ヴィオッティの残した遺産は彼の生徒たちと弟子たち、さらにその生徒たちを包み込み、フランス、ベルギー、オーストリア、
ドイツ、ロシア、日本、アメリカなどに及ぶ広くて深いヴァイオリン演奏家の系譜を作った。
ヴァイオリンを学ぶ生徒たちはヨーロッパの各地で教育を受けることが多いため、師弟関係を固定して決めることは難しいことであるが、フランス・ベルギー派を中心にしてヴィオッティから始まるヴァイオリン演奏家の繋がりをまとめてみた。

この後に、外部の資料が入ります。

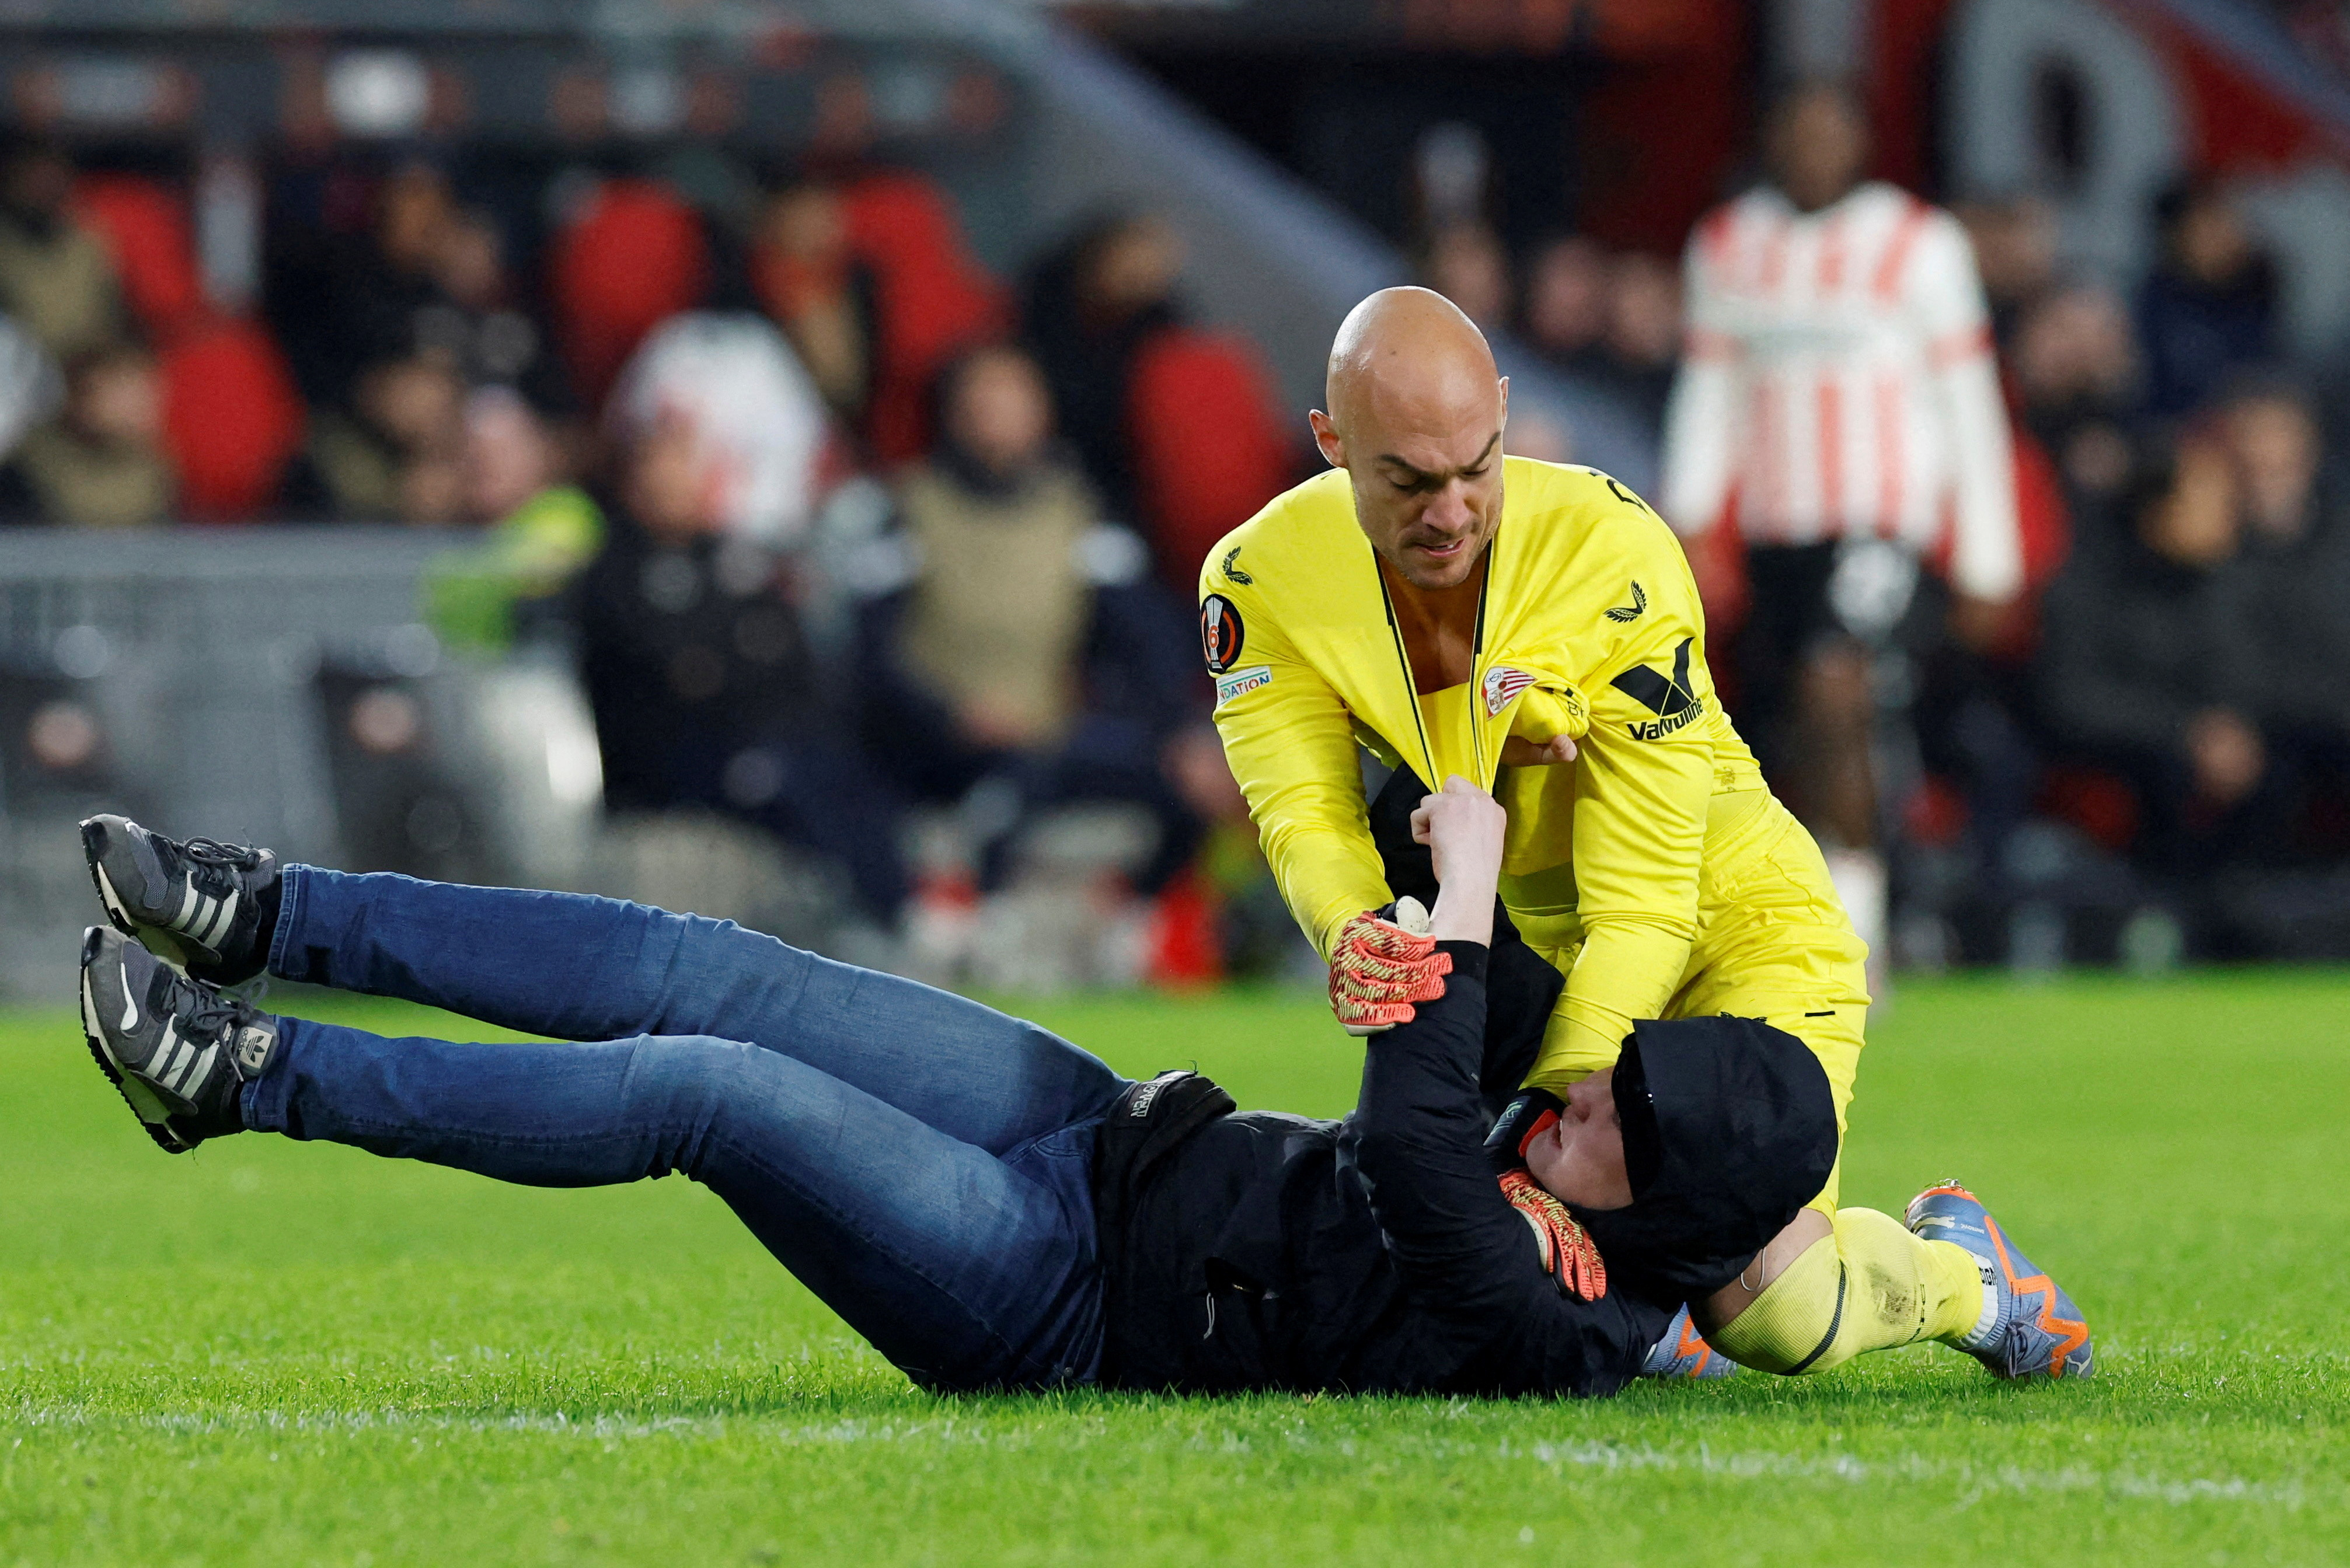 Marko Dmitrovic, arquero del Sevilla redujo al invasor que intentó agredirlo en el partido de Europa League ante PSV (REUTERS/Piroschka Van De Wouw)

ヴィオッティから始まるヴァイオリン演奏家の繋がり[2]
参考文献
[1] A. Bachmann, An Encyclopedia of the Violin 1925, reprinted Da Capo Pree (1966).
[2] 菊池修 ”ヴィオッティ” 慧文社 (2009).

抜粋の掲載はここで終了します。